I spent many more hours planning the fiberglassing step than it takes to actually do the work.  Handling the epoxy/fiberglass can be tricky and the consequences of messing up are serious in several ways.  The materials and methods I used were gleaned from advice and books and on-line videos, and none of the steps I took were either pushing the limits of the materials or outright experimental.

Materials used :

• 30 yards 6 oz. x 42″ fiberglass cloth, shipped in a roll (not folded)
• System Three Silvertip epoxy, 2 gallons resin, 1 gallon slow hardener (actually used 2 1/3 gallons), with metering pumps
• ACE hardware wood filler
• WEST 407 filler, 1 can
• WEST 800 rollers – used 6; disposable roller pans and roller frames
• two or three 6″ squeegees
• dozen 3″ chip brushes
• mixing containers (quart yogurt cans) and grunge cups (12 oz. paper coffee cups)
• half a sleeve of good quality 120 grit sandpaper
• quart Pettit EZ Prime 6149 topside primer
• two quarts (750 ml) Epifanes Yacht Enamel, applied with high density foam rollers
• three quarts Interlux Schooner Varnish #96

For sources, I relied on Ted Moores’ book Canoecraft, on Epoxy Basics by Russell Brown, on-line videos by Nick Schade, and advice from Jerry Stelmok, Paul Labrie and Dale Tobey.

Starting with the bare hull, Jerry advised  me to used a filler to plug any holes/spaces in the bottom that would let epoxy drip into the inside because the water-thin epoxy will make a real mess if it runs through the cracks and makes icicles inside.  He suggested Ace Hardware 18932 water-based filler, which handles a lot like Durham’s Water Putty, but without the need to mix it.  The filler itself has little strength – you just want it to stay put until the bottom is sealed from inside and out.   I went over the outside of the bottom and filled any voids, then gave the inside of the boat a couple varnish coats to lock the filler on the inside.  This would not work on a boat without tight planking – a lot of filler would be forced inside making a mess.   With the boat bottom-side up, I then faired and sanded the outside, and rounded the edges of the transom and stem.

The System Three Silvertip epoxy with the slow hardener has a long working time, sands cleanly, can go up to 72 hours between coats and still get a chemical bond, is low viscosity specially formulated for laminating, has a wide temperature curing range, is tolerant of a wide humidity range, and has no amine blush.  The only downside is the cost – it is twice as much as some other epoxies.  It takes about 2 1/2 gallons (resin and hardener combined) to layup and coat the two layers of 6 oz. fiberglass 40″ wide, lapped 2″ at the keel.   I got my glass from Raka; don’t get it folded – have it shipped rolled and be sure it is compatible with epoxy.  For applicators, I used 6″ squeegees, 7″ rollers from WEST (part #800), and 3″ bristle chip brushes.

Once the boat was sanded fair, the bottom was given a single sealer coat of epoxy to prevent the first layer of glass from getting resin-starved, applied with a roller.
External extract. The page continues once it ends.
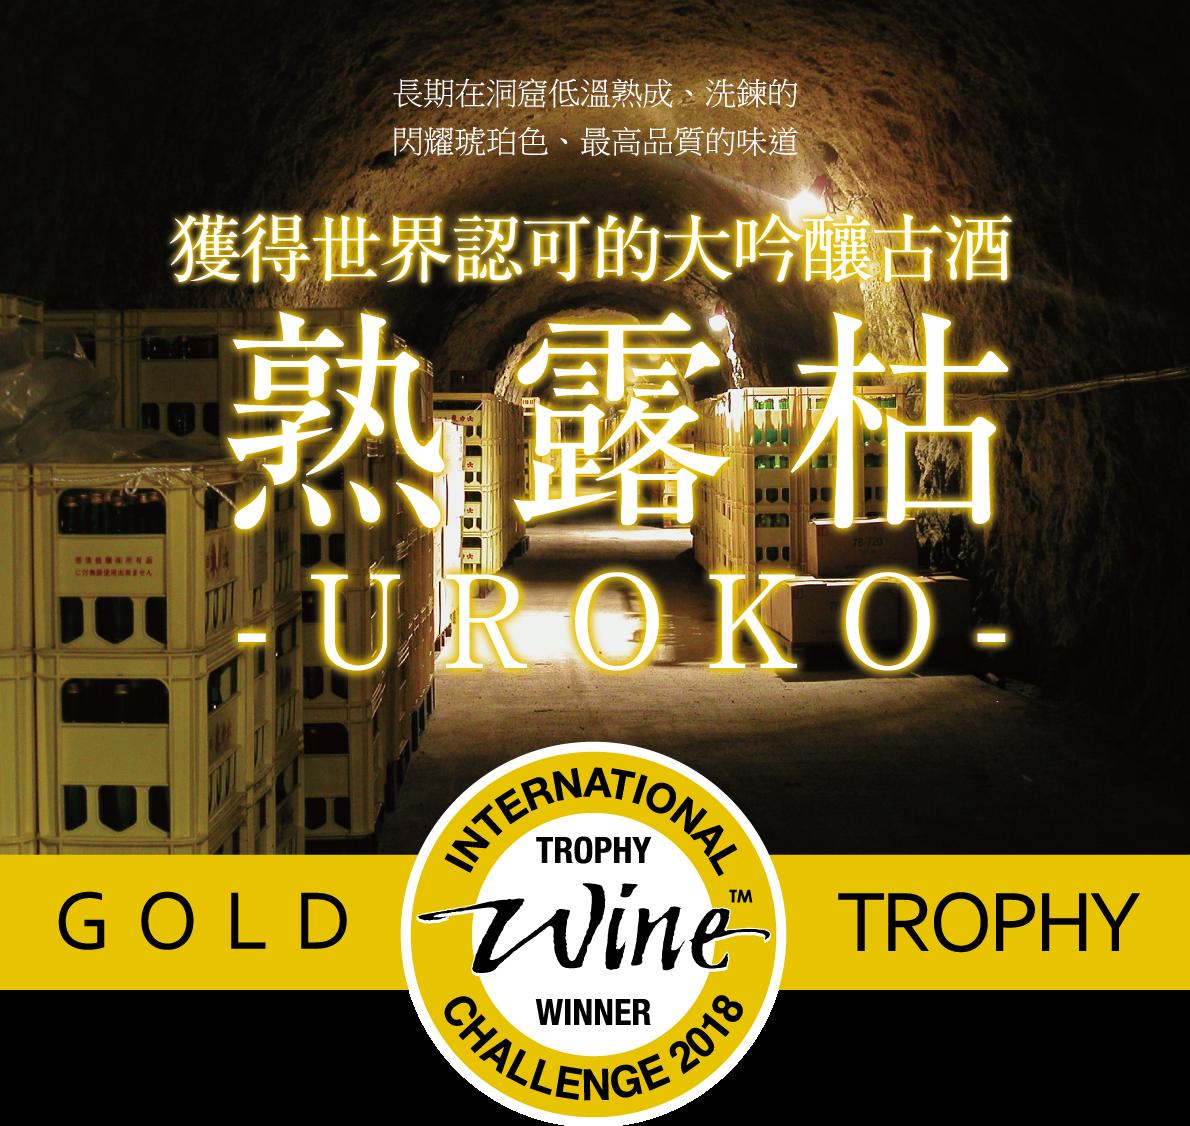 長期在洞窟低溫熟成、洗鍊的 閃耀琥珀色、最高品質的味道 獲得世界認可的大吟釀古酒 熟露枯 UROKO IWC International Wine Charrenge Gold Torophy

My shop this time of year (early May) runs up to 70 degrees during the day and dips down into the low 40’s at night – but the Silvertip had no problem with an  overnight setup.  Warming the resin and hardener before mixing by keeping the containers in buckets of warm water helps.

I found it easy to handle the places where the 6 oz. fiberglass would have to bend around the transom and the stem, having taken the precaution to round over the sharp edges.   My transom has a recess cut around the periphery to receive the fiberglass.  The first layer at the bow and stern, was a piece of 4″ bias-cut tape.  This went on cleanly, and the next two full layers of cloth were just wrapped around as I went.  Below is the transom with the first piece of tape in place – used a brush to apply the resin and work the glass around the corner.

Tape on the stem – you can see a little of the Ace filler.  It would have helped to go back over this with a squeegee to clean up the drips.

The cloth, unrolled and smoothed to the hull, ready for epoxy.  Use a dry brush to smooth out the wrinkles, not you hands.  The first layer (on the left, below) is temporarily held down the keel line with tabs of blue tape which got removed after the layer on the right was positioned.

Following Nick Schade’s technique, epoxy batches were mixed and poured on, then spread with a squeegee.  After they started to slowly kick, which was about 1 1/2 hours later for me, the excess was squeegeed out.  See Nick Schade’s videos or Ted Moores for a description of this process.  The result of the first coat :

The second layer of epoxy went on the same, after trimming off the excess cloth at the gunwale from the first layer and giving the hull a light sanding to remove any nibs.  The first filler coat (first of two) went on with a roller, again after a light sanding, and then was tipped off with a dry brush to take care of most of the little bubbles left by the roller.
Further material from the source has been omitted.